Perhaps, we can find a replacement for (3) in the 1.0.0 (using HMACs
instead of CMACs). However, absence of (1) and (2) seems to be a real
problem: 1.0.0 doesn't have algorithms suitable for our purposes.
Existing ones do have different issues. For example, the popular mode
CBC doesn't sustain overwrites with the same key, etc.
We can copypaste the absent code to the crypt translator. However, it
would mean that this code will be beyond the reach of openssl people,
which is not good..
> The build system
> is CentOS 6.3 (~= RHEL 6.3) - which is a very popular "base" for
> deploying glusterfs. I suspect depending on 1.0.1c openssl will be
> more than just a "build server dependency" issue.
Maybe it makes sense to ifdef the crypt translator and the related
code (depending on the openssl version, or having the respective
header files, say <openssl/cmac.h>)? I can see similar tricks in
the current Gluster code (HAVE_BD_XLATOR and friends)..
Thanks,
Edward.
>
> Avati
>
>
>
> >
> > On Wed, 13 Mar 2013 17:25:41 -0400 (EDT)
> > John Mark Walker <johnmark at redhat.com> wrote:
> >
> > > This marks an interesting development in GlusterFS. If you've been
> > > looking for data encryption, you may want to try this patch.
> > >
> > > -JM
> > >
> > >
> > > -------- Original Message --------
> > > Subject: Change in glusterfs[master]: Transparent data
> > > encryption and metadata authentication... From: "Edward Shishkin
> > > (Code Review)" <root at dev.gluster.com> To:
> > > CC:
> > >
> > >
> > >
> > >
> > > Edward Shishkin has uploaded a new change for review.
> > >
> > > Change subject: Transparent data encryption and metadata
> > > authentication in the systems with non-trusted
> > > server
> > ......................................................................
> > >
> > > Transparent data encryption and metadata authentication
> > > in the systems with non-trusted server
> > >
> > > This new functionality can be useful in various cloud
> > > technologies. It is implemented via a pair of the following
> > > interacting translators:
> > >
> > > . encryption/crypt, which works on client side and performs
> > > encryption and authentication;
> > > . features/oplock, which works on server side and resolves
> > > "conflicts"
> > >
> > > 1. The class of algorithms for data encryption,
> > > that can be supported by this pair of translators
> > >
> > > The mentioned pair of translators can support any atomic symmetric
> > > block cipher algorithms (which require to pad plain/cipher text
> > > before performing encryption/decryption transform (see glossary
> > > in atom.c for definitions). In particular, it can support
> > > algorithms with the EOF issue (which require to pad the end of
> > > file by extra-data).
> > >
> > > In most cases crypt translator translates the pair (offset, count)
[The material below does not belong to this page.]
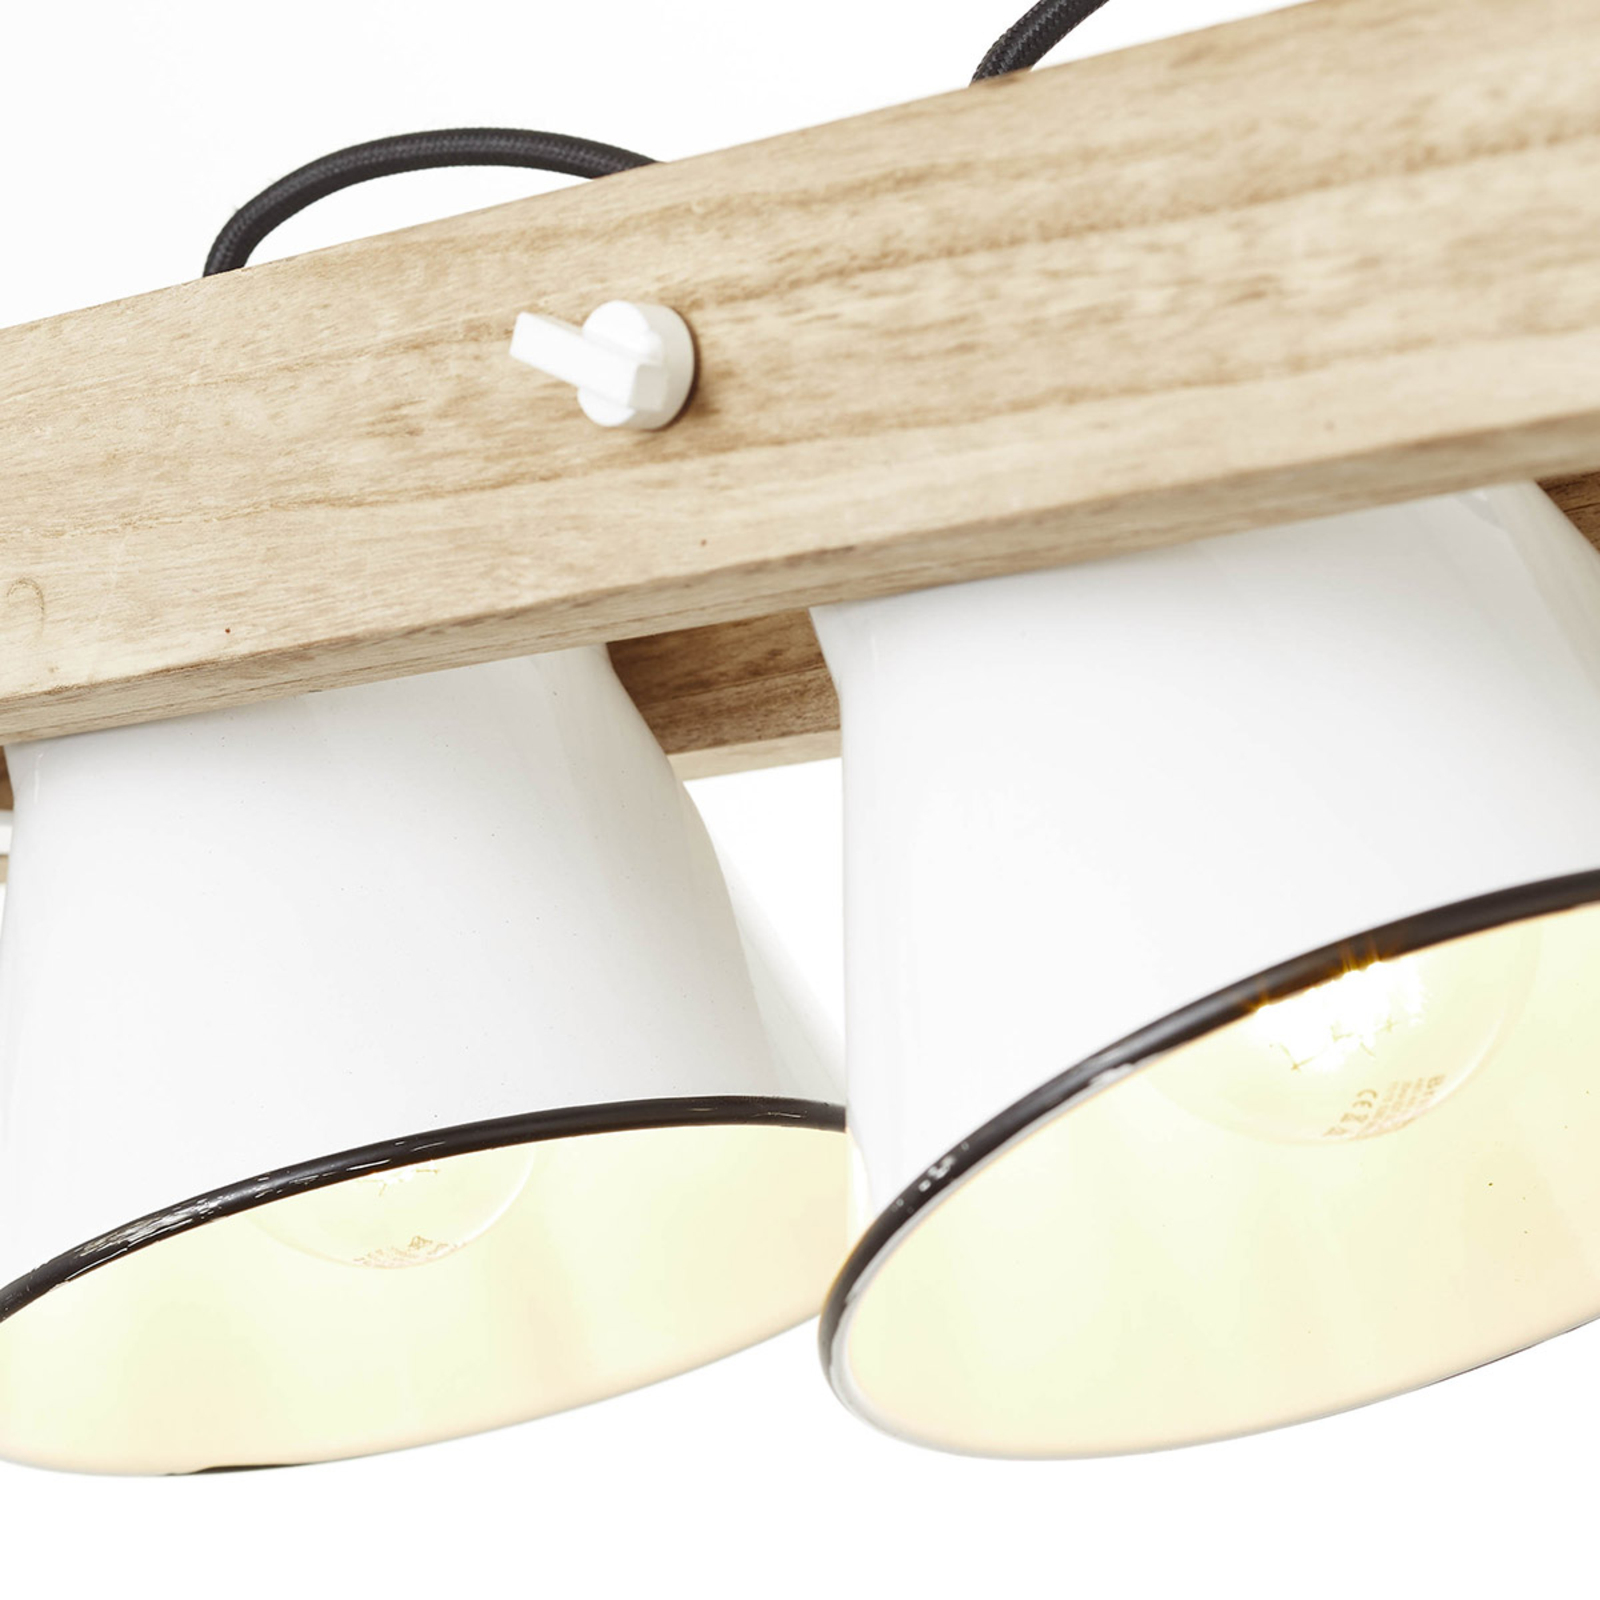 Plow pendant light 3-bulb, white light wood

> > > passed by user to different values, and resolves individual
> > > ->write() ->truncate(), etc. file operations to read-modify-write
> > > sequences.
> > >
> > > A volume can contain files encrypted by different algorithms. For
> > > newly created files one can specify desirable algorithm at mount
> > > time via a respective option of crypt translator.
> > >
> > > Currently only one algorithm is supported: AES_XTS.
> > >
> > > Example of algorithms, which can not be supported by this pair of
> > > translators:
> > >
> > > 1. Asymmetric block cipher algorithms, which inflate data, e.g.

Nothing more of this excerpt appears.